问题
It seems like the C/C++ compiler (clang, gcc, etc) produces different output related to the optimization level. You may as well check the online link included in this post.
http://cpp.sh/5vrmv (change output from none to -O3 to see the differences).
Based on the following piece of code, could someone explain a few questions I have:
#include <stdio.h>
#include <stdlib.h>
int main(void) {
int *p = (int *)malloc(sizeof(int));
free(p);
int *q = (int *)malloc(sizeof(int));
if (p == q) {
*p = 10;
*q = 14;
printf("%d", *p);
}
return 0;
}
- Is it certain that the execution will always get into the if statement? How do we know the addresses of the two pointers, p and q, will be the same?

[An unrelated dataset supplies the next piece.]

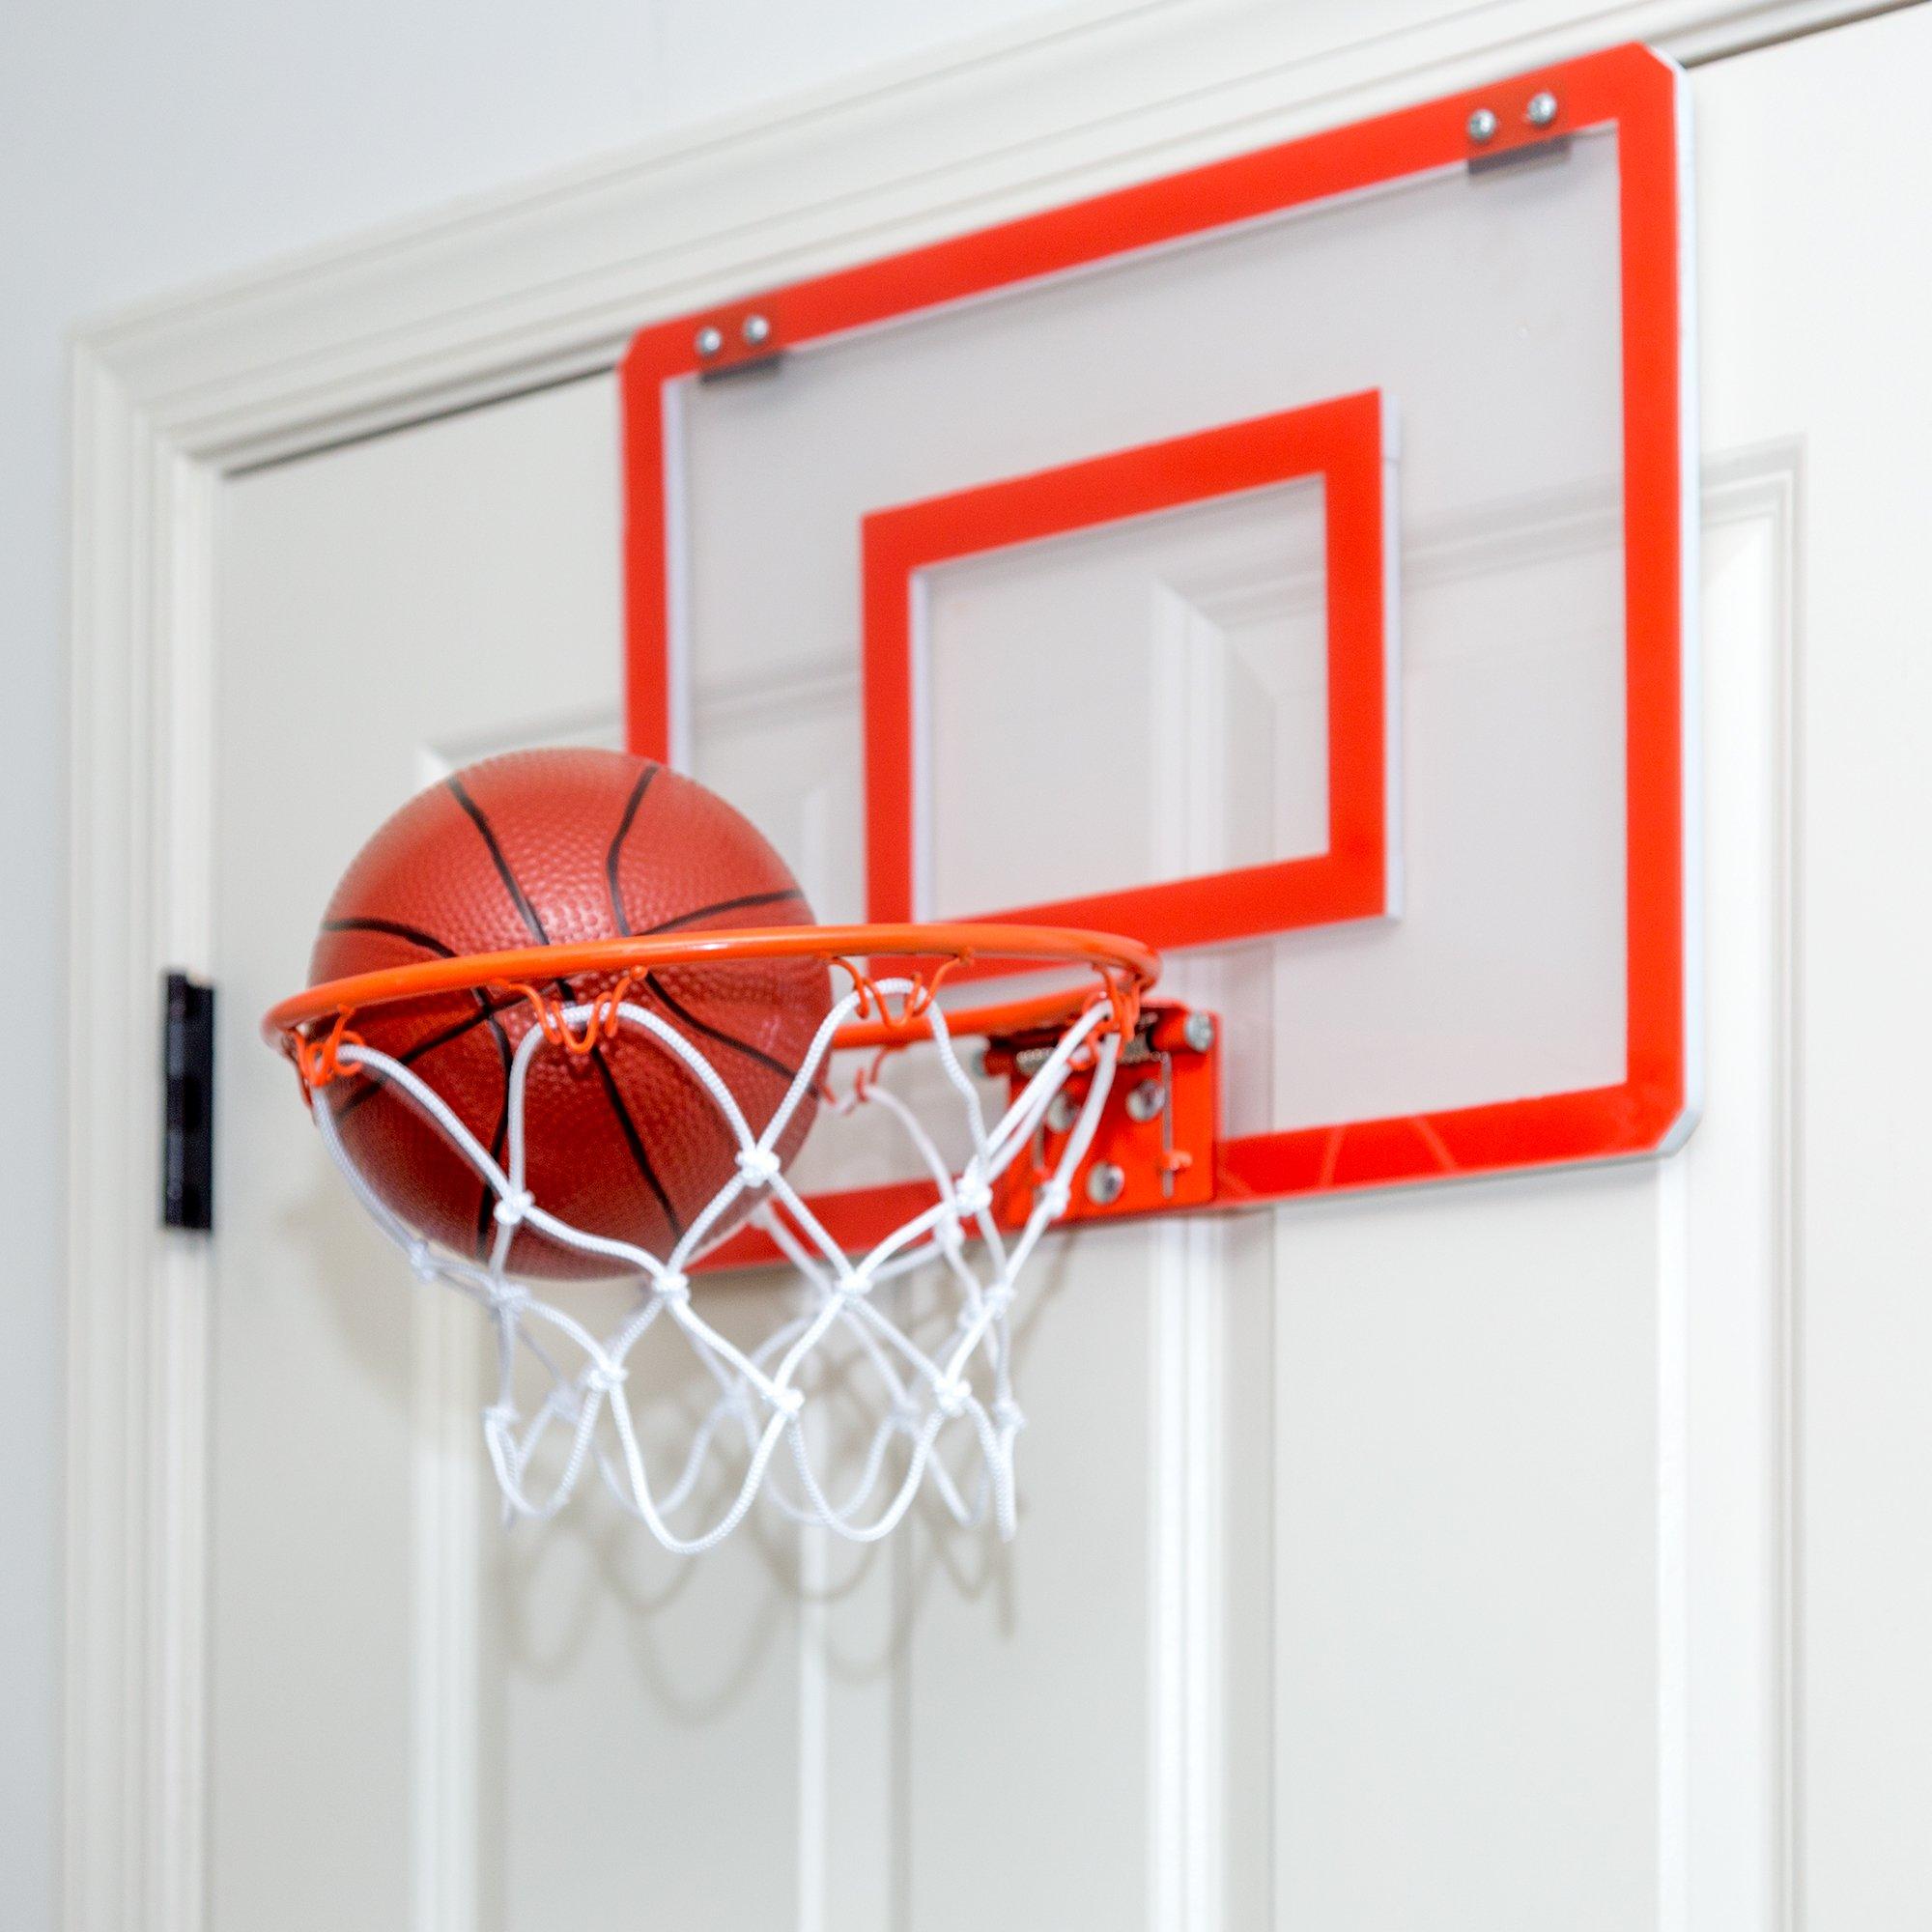 Play Platoon Mini Basketball Hoop for Door - 16 x 12 Inch Bedroom Basketball Hoop Indoors Set by Play Platoon (Image #3)

- Why does no-optimization has output 14, while -O3 has output 10 for the same instructions?
回答1:
free(p);
This turns the contents of p into an invalid pointer value.
int *q = (int *)malloc(sizeof(int));
This line has no relevance for p.
if (p == q) {
This is implementation-defined behaviour because p has an invalid pointer value.
*p = 10;
And finally, this is undefined behaviour, for the same reason as above.
C++ standard §3.7.4.2/4:
If the argument given to a deallocation function in the standard library is a pointer that is not the null pointer value (4.10), the deallocation function shall deallocate the storage referenced by the pointer, rendering invalid all pointers referring to any part of the deallocated storage. Indirection through an invalid pointer value and passing an invalid pointer value to a deallocation function have undefined behavior. Any other use of an invalid pointer value has implementation-defined behavior.

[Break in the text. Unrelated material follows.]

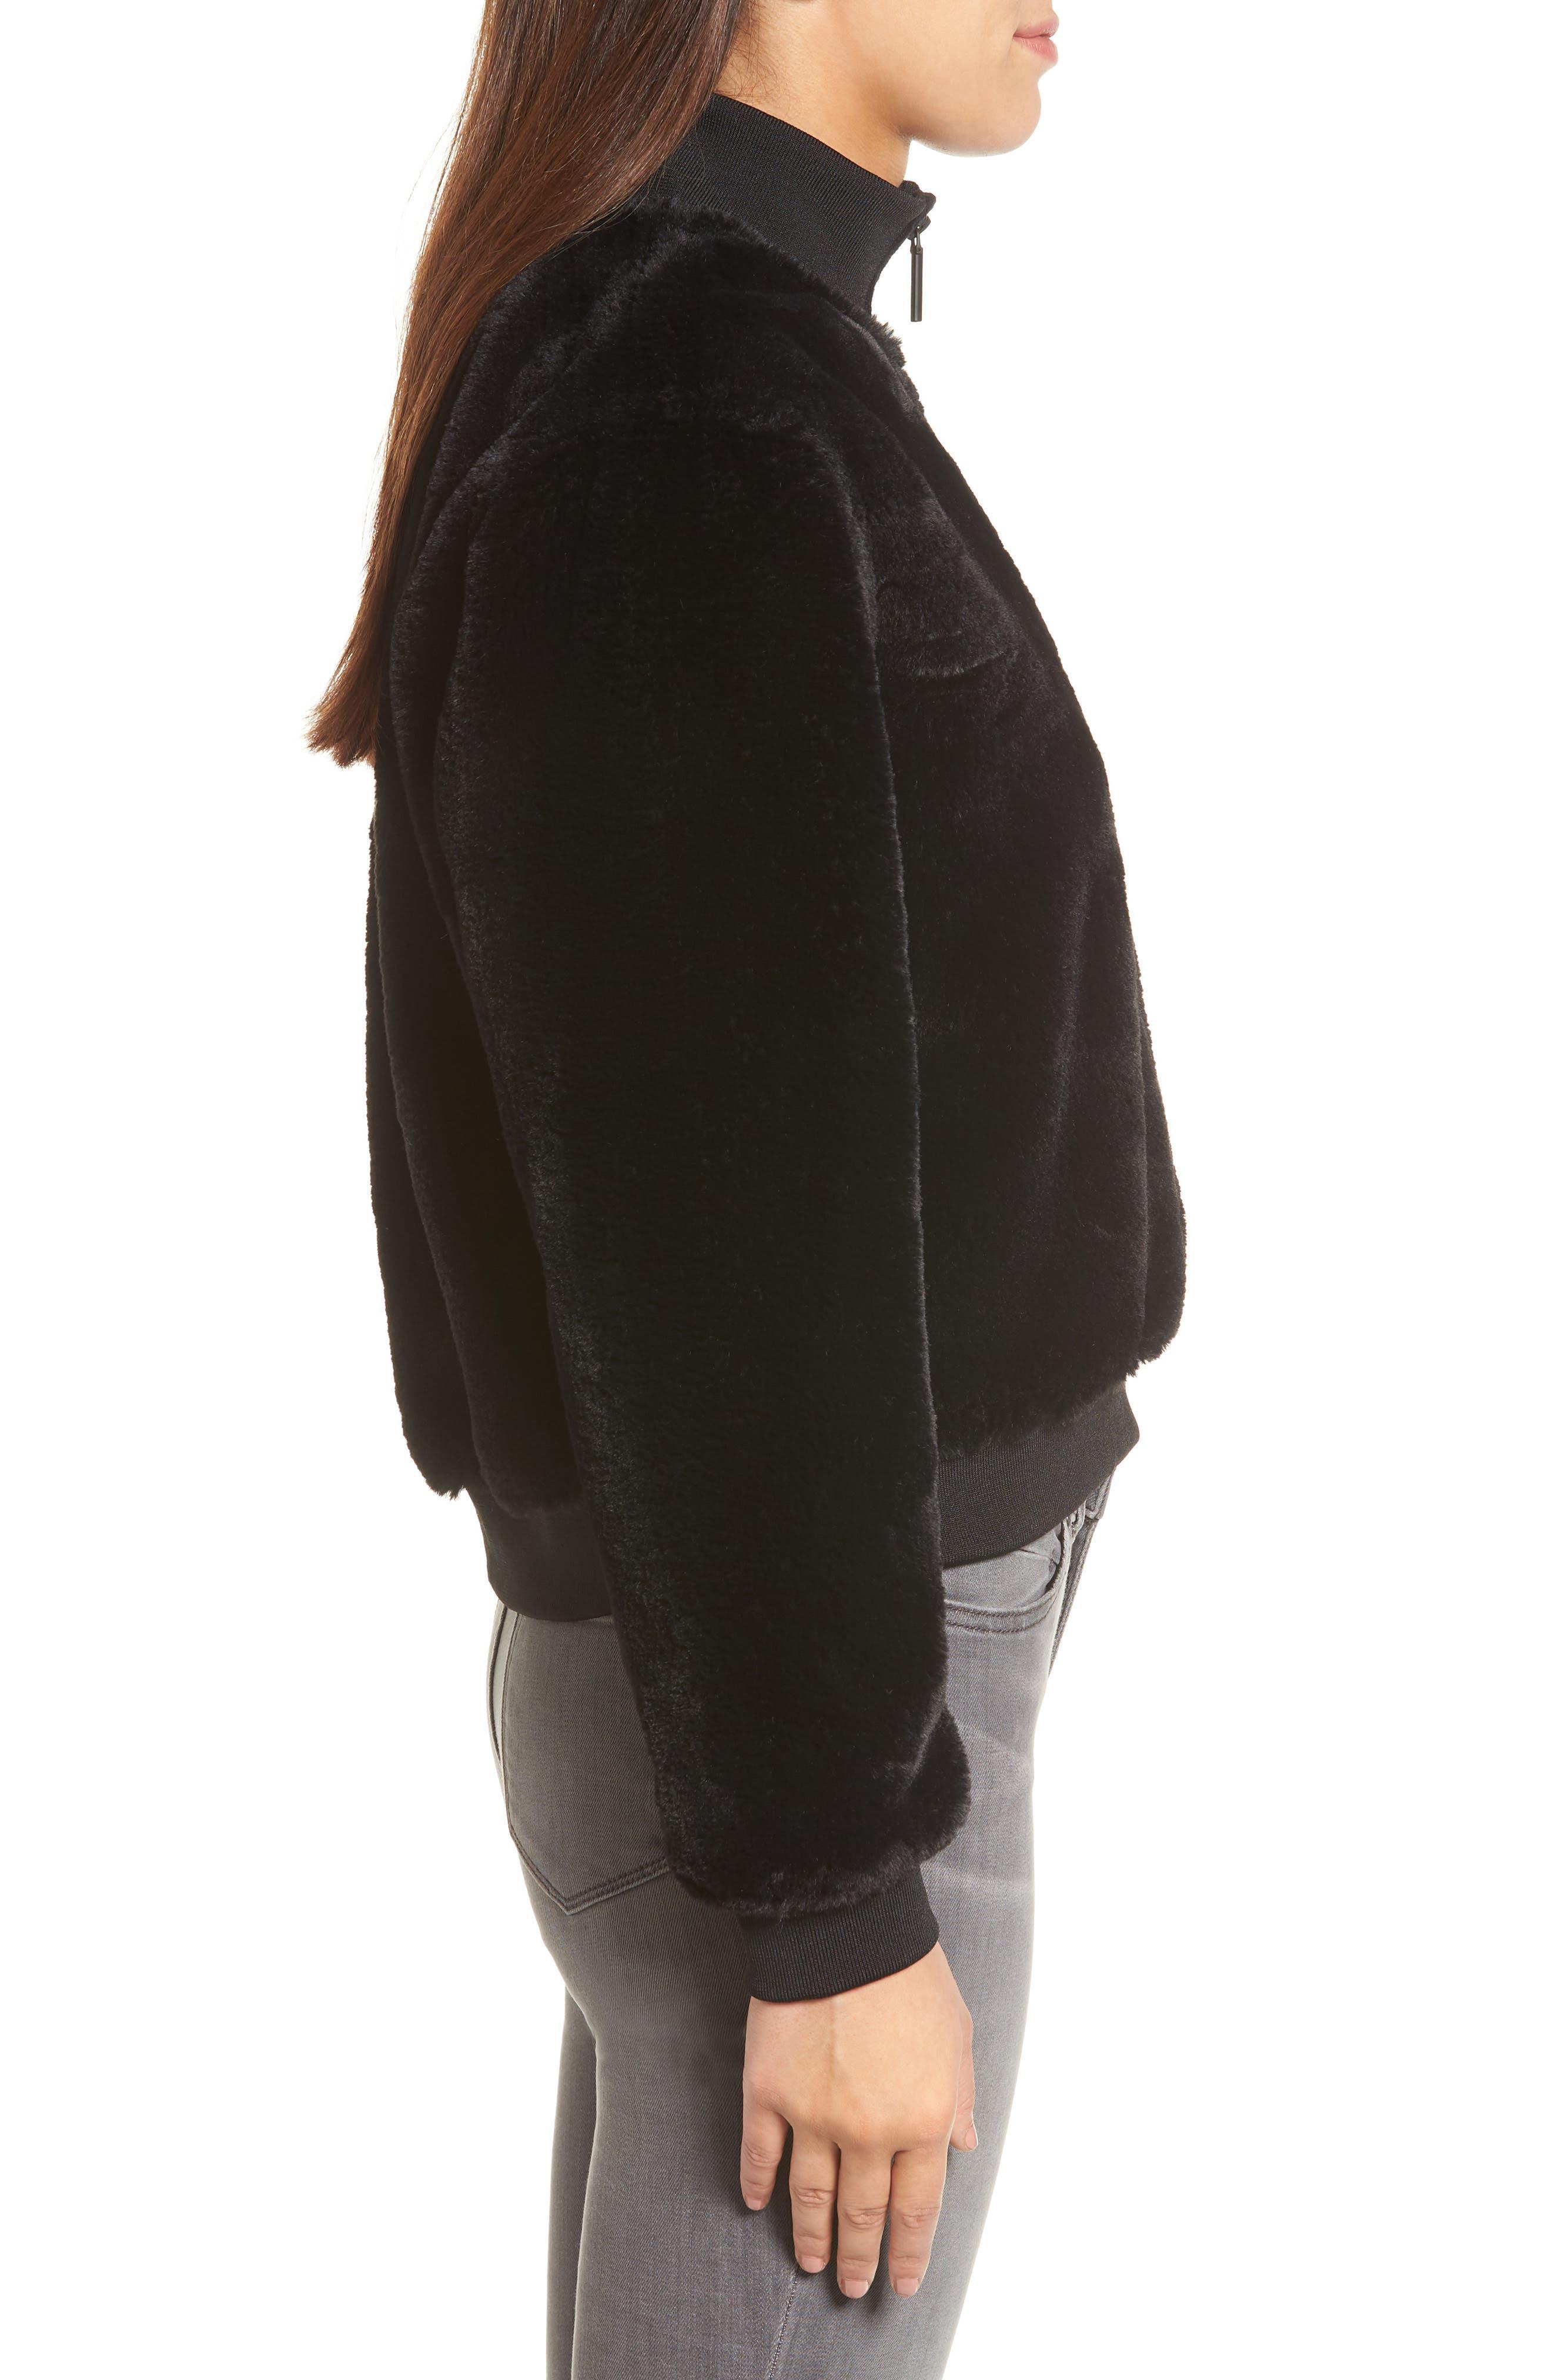 KENNETH COLE NEW YORK, Half-Zip Faux Fur Sweatshirt, Alternate thumbnail 3, color, BLACK

Therefore, the answers to your questions are:
Is it certain that the execution will always get into the if statement?
It depends on the implementation. The C++ language does not guarantee it.
Why does no-optimization has output 14, while -O3 has output 10 for the same instructions?
Because the behaviour is undefined when you dereference an invalid pointer.
In C, the comparison itself is undefined behaviour. Appendix J.2 in the C standard lists the circumstances in which the behaviour is undefined, and that list includes:
The value of a pointer to an object whose lifetime has ended is used.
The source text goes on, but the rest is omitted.